I'm trying to run a few tests using princomp
in R
. In princomp
there is a value called loadings
, which is supposed to show many things. One of those things is the proportion of variance explained by each principal component.
For some reason, the principal components using this tool in R
always come out such that the proportion of variance
is the same for all components!!
For example, try this on the iris
dataset:
data = iris[c("Sepal.Length", "Sepal.Width", "Petal.Length", "Petal.Width")]

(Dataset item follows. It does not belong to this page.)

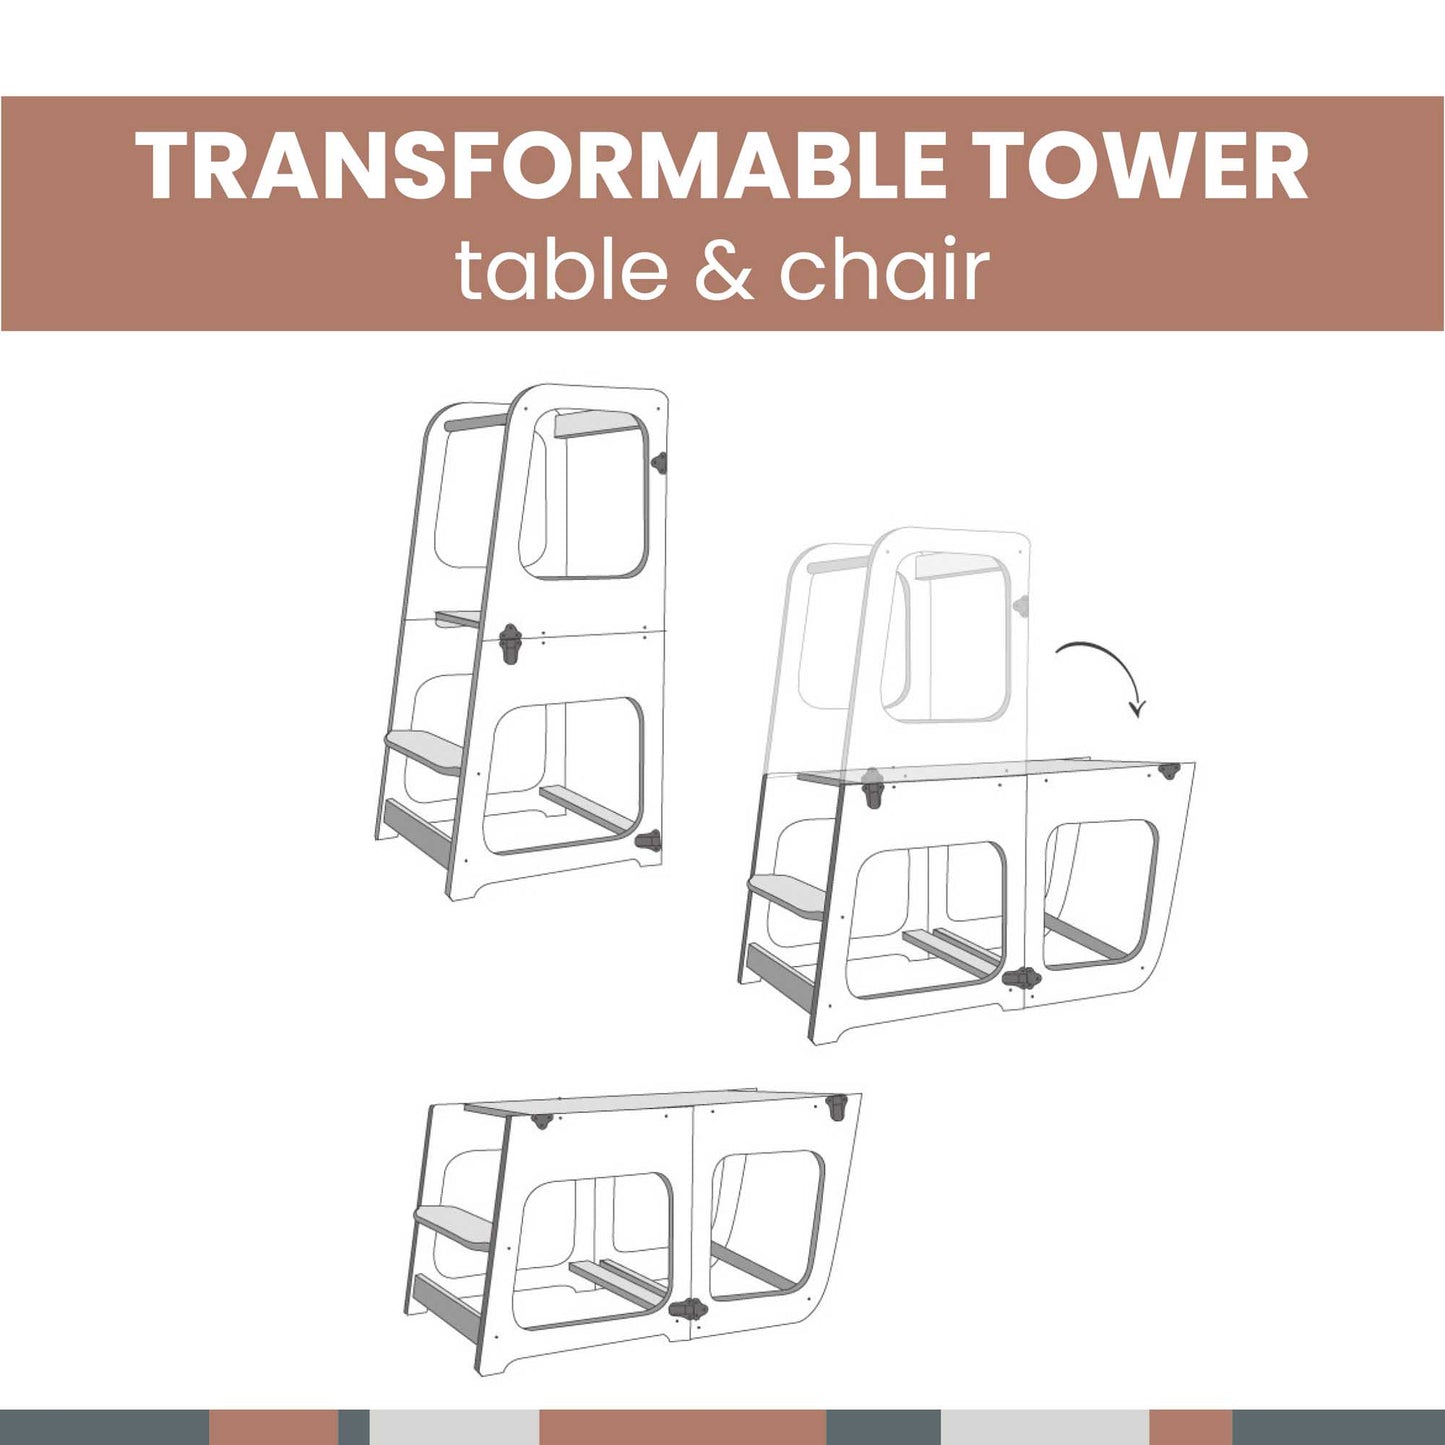 This versatile 2-in-1 Convertible kitchen tower - table and chair set is perfect for toddlers in the kitchen.
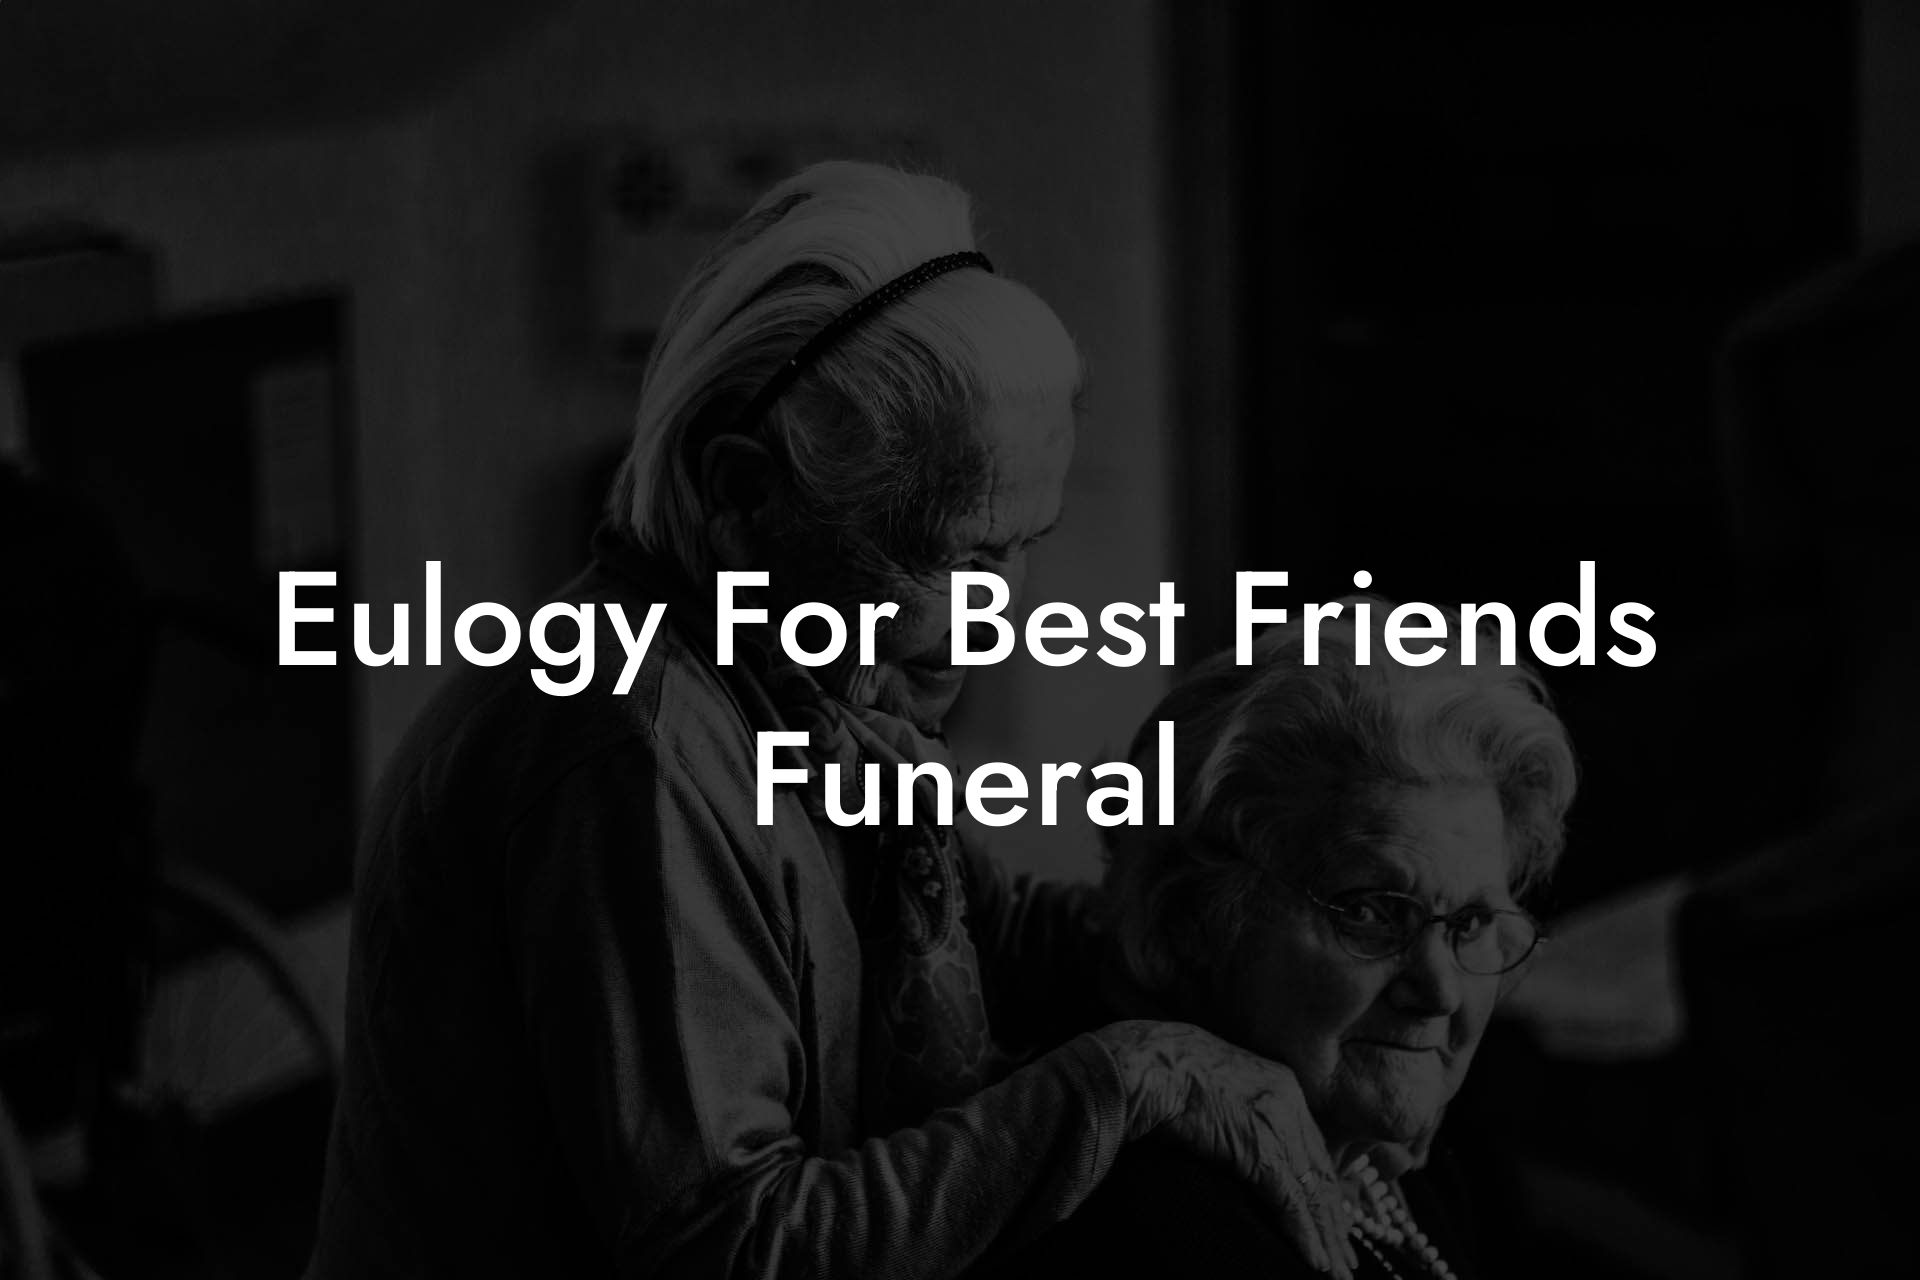 Eulogy For Best Friends Funeral

iris_fit <- princomp(data, cor=TRUE)
then, when I print out the loadings
, I see this:
iris_fit$loadings
Loadings:
Comp.1 Comp.2 Comp.3 Comp.4
Sepal.Length 0.361 -0.657 -0.582 0.315
Sepal.Width -0.730 0.598 -0.320
Petal.Length 0.857 0.173 -0.480
Petal.Width 0.358 0.546 0.754
Comp.1 Comp.2 Comp.3 Comp.4
SS loadings 1.00 1.00 1.00 1.00
Proportion Var 0.25 0.25 0.25 0.25
Cumulative Var 0.25 0.50 0.75 1.00
All of the Proportion Var
row is 0.25, meaning that the variance is split evenly across the components.
So, I tried a few other datasets with, for example 2 or 3 features. And, every time, the Proportion Var
is 1 divided by the number of features!
Why is this? I want to be able to use this for feature selection, and it makes it difficult to select components/features when they are all the same. Why is this?